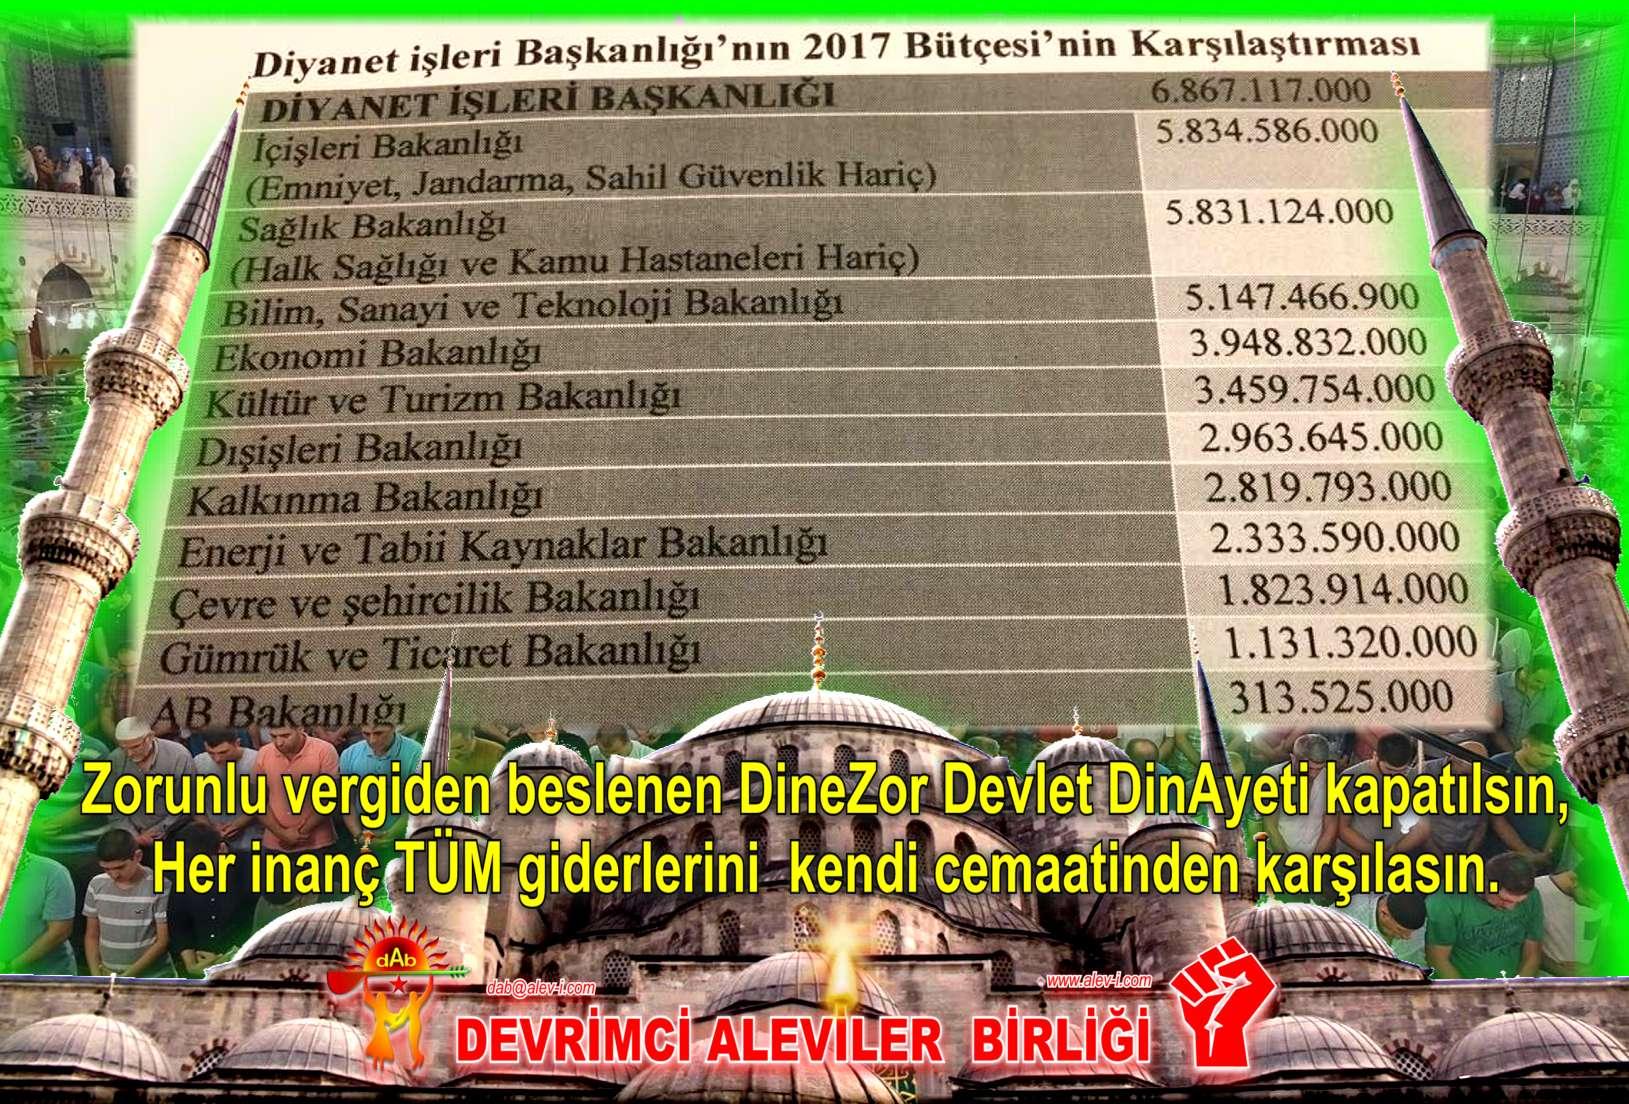 Devrimci Aleviler Birliği DAB Alevi Kızılbaş Bektaşi pir sultan cem hz Ali 12 imam semah Feramuz Şah Acar dinayet butcesi 2017x
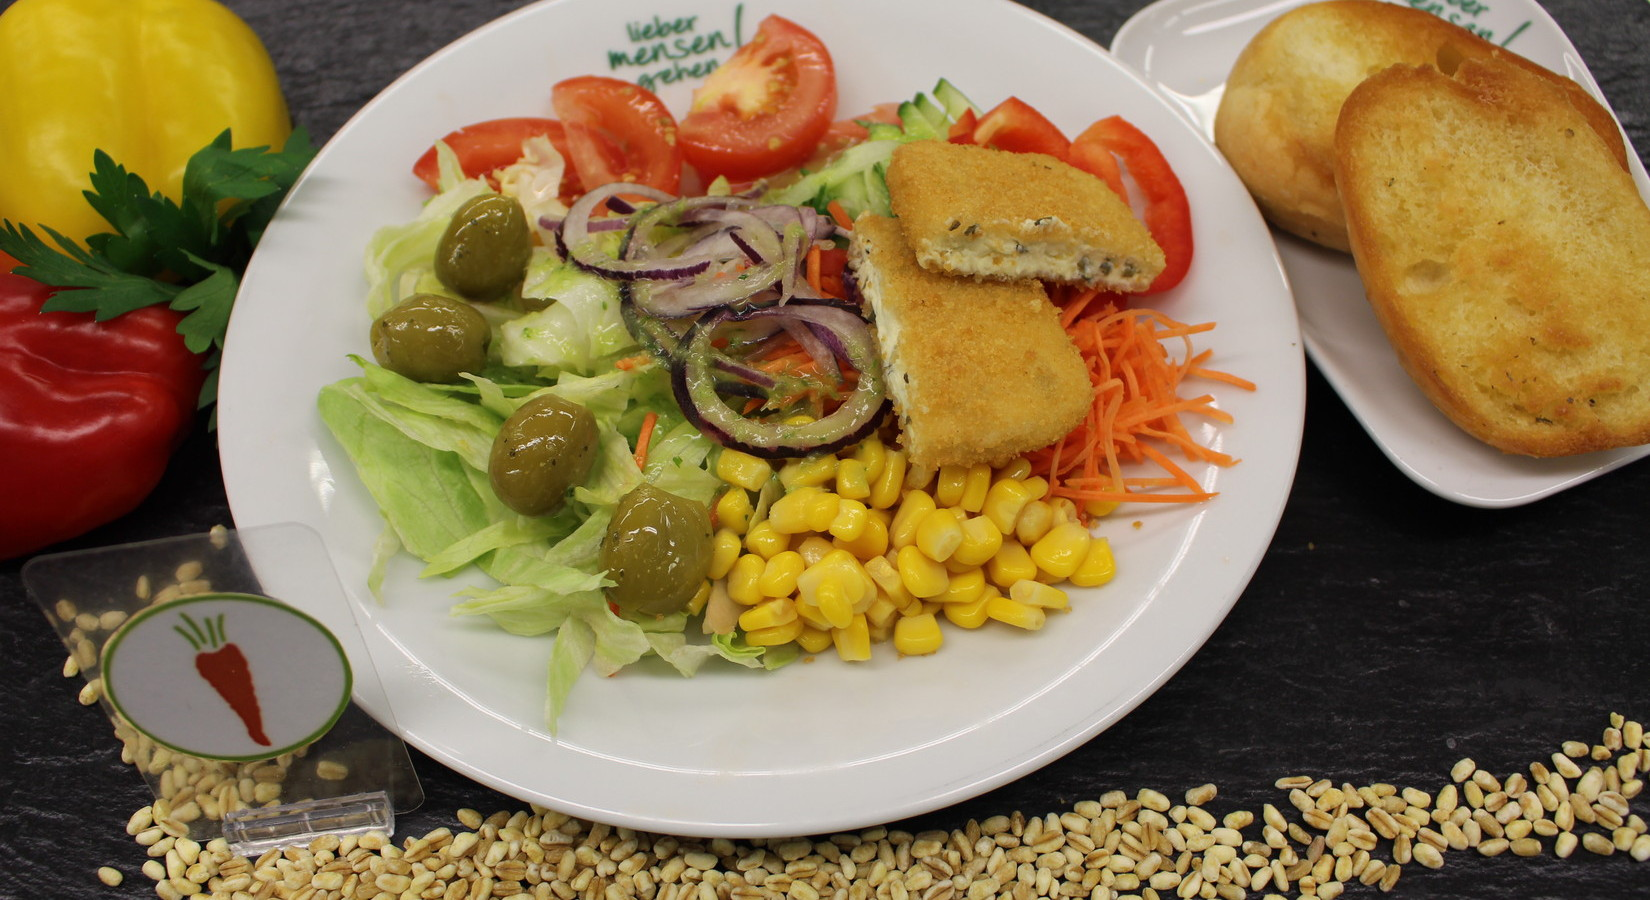 Bauernsalat mit Schnitzelstreifen oder  vegetarische Variation mit gebackenen Broccolinuggets , dazu geröstete Brötchenhälften
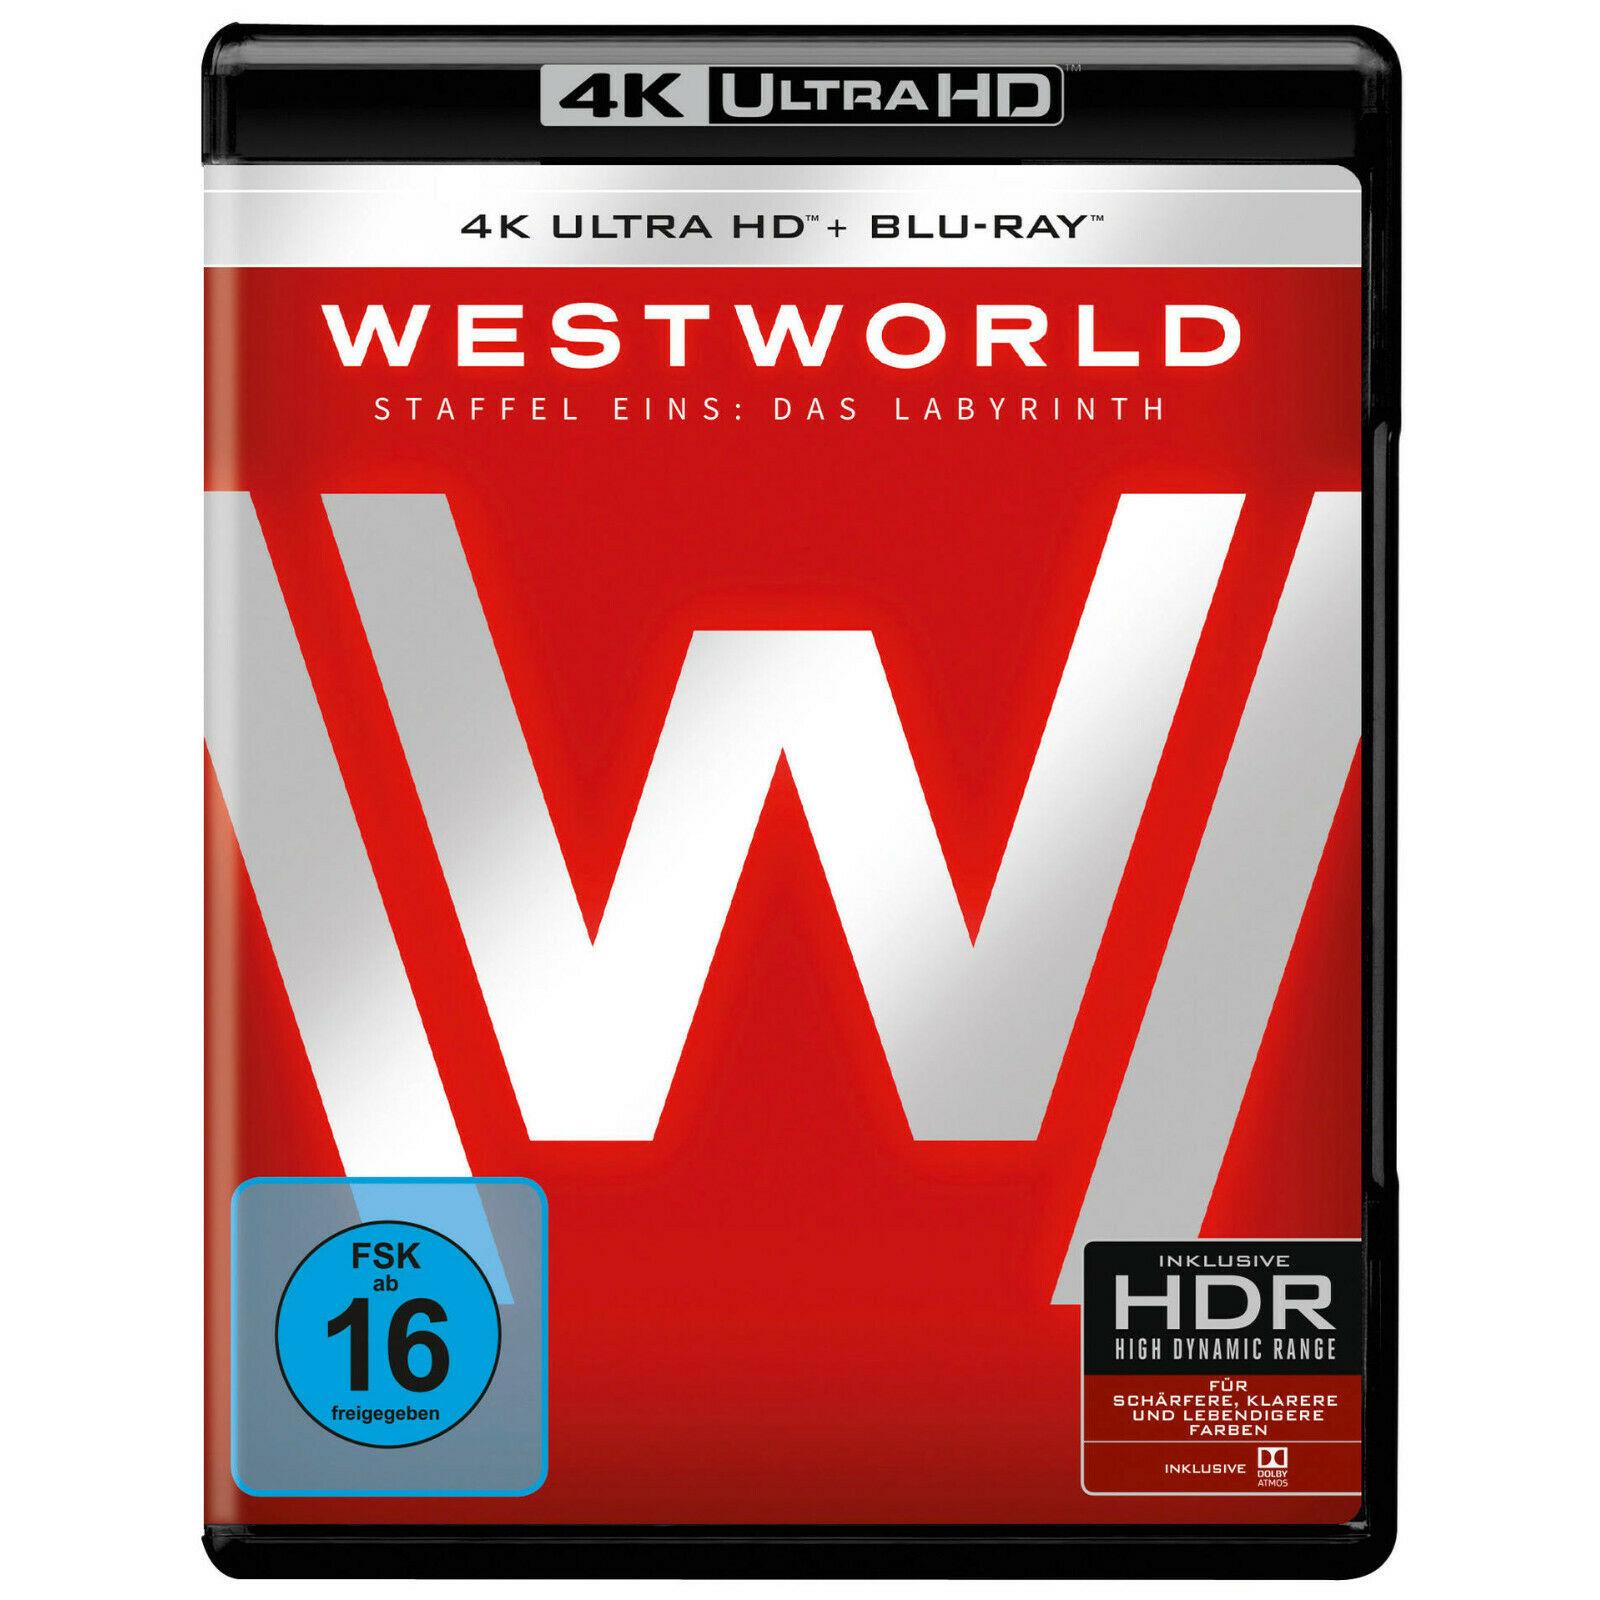 Westworld - Staffel Eins: Das Labyrinth 4K (4K UHD + Blu-ray) für 24,97€ (Amazon Prime)

- Exercise brief -
The lines to copy run from the one with "Bauernsalat mit Schnitzelstreifen" through the end of the material. Write them out exactly, leaving out the pictures.

- Response box -
 Bauernsalat mit Schnitzelstreifen oder  vegetarische Variation mit gebackenen Broccolinuggets , dazu geröstete Brötchenhälften
 Westworld - Staffel Eins: Das Labyrinth 4K (4K UHD + Blu-ray) für 24,97€ (Amazon Prime)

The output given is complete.